The wiliness of fraudsters is what makes Inscatech’s Weinberg less hopeful about blockchain. His firm mainly uses informants on the ground to sniff out where in the production process food-fraud is taking place, and most of his work in China is with western companies that manufacture or source product there.
“The problem is the data is only as reliable as the person providing the data,” said Weinberg, who recalls seeing everything in China from synthetic eggs to fake shrimp that still sizzle in a wok. “In most supply chains there is one or more ‘unreliable’ data provider. This means blockchain is likely useless for protecting against food-fraud unless every piece of data is scrutinized to be accurate.”
A months-long Bloomberg investigation into the global shrimp trade last year showed how unreliable documentation had fanned an illegal transhipping scheme involving Chinese aquaculture exporters.
But blockchain is “light years” away from the system used by the global food industry today, which relies heavily on paper records, said Yiannas, Wal-Mart’s food safety chief. By recording the identity of those who input data into the chain, the technology removes the anonymity that has helped food-fraud to thrive, he said.
The role of humans in recording the supply chain will also diminish, said Yiannas. “More and more of these documents will eventually be captured in an automated way.”

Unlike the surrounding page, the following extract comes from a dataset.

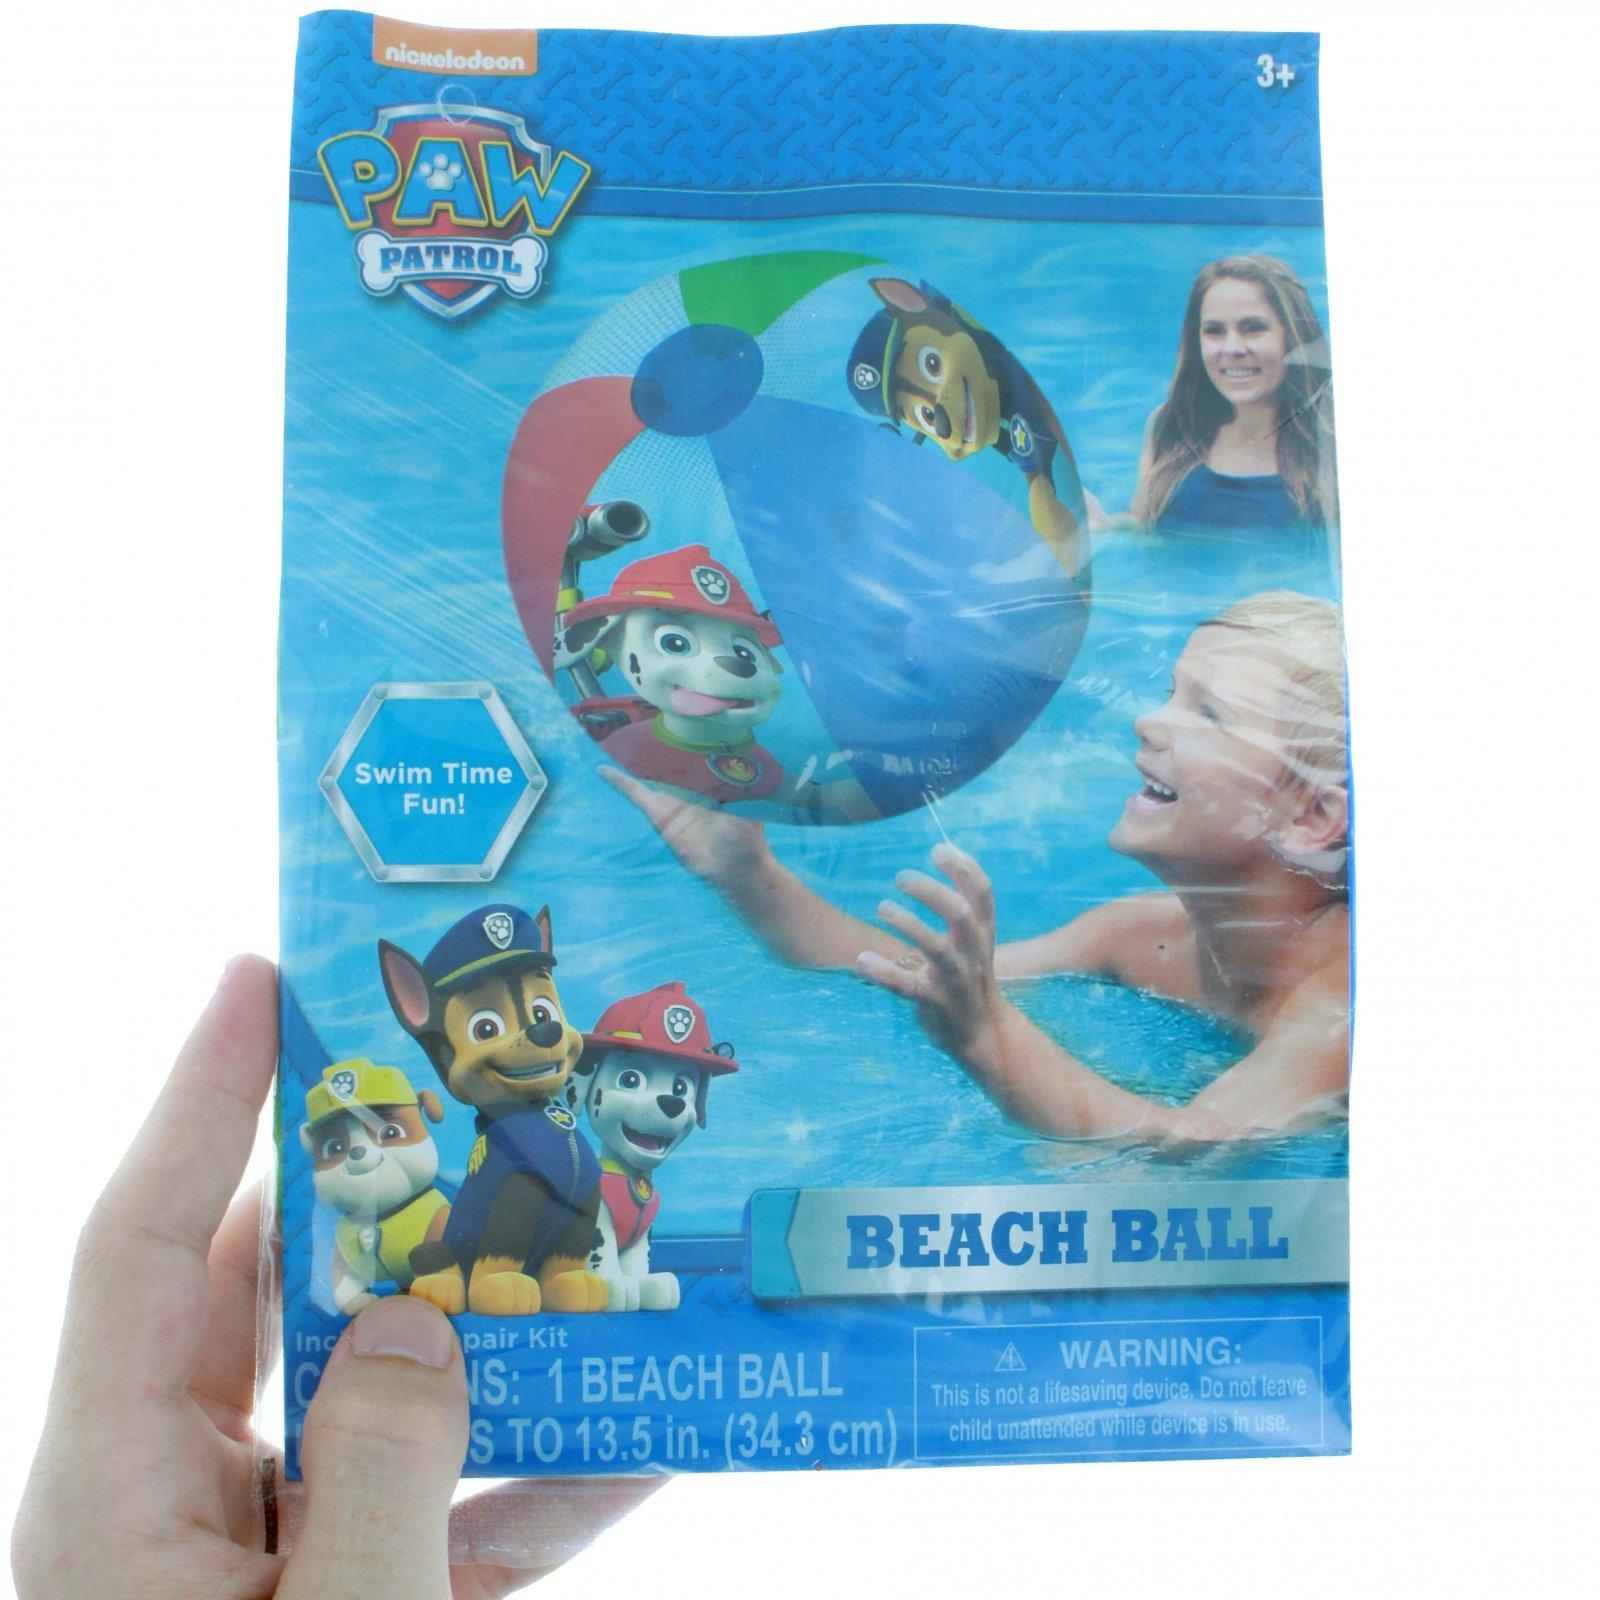 "Paw Patrol Inflatable 13.5"" Beach Ball"

China’s Food and Drug Administration didn’t immediately respond to an email requesting comment on the country’s food safety efforts.
Some companies are already bringing traceability to consumers. Fonterra Cooperative Group Ltd., the world’s biggest dairy exporter, started putting QR codes on cans of infant formula in April, enabling buyers to verify the product’s authenticity.
The challenges for China — “the factory of the world” — are especially vast because of its size, population, multilayered administrative divisions, and “the willingness of criminals to exploit every corner that they can in order to make money,” said Michael Ellis, who ran Interpol’s trafficking in illicit goods unit until October.
At Interpol, Ellis, a former detective with Scotland Yard in London, was involved in “Opson,” an operation that led to the seizure of more than 10,000 tons and 1 million liters (264,000 gallons) of hazardous fake-food and drinks across more than 50 countries.
Without a presence to fight it, food-fraud globally “will explode,” Ellis said. “It will just continue to grow, and who knows where it will lead.”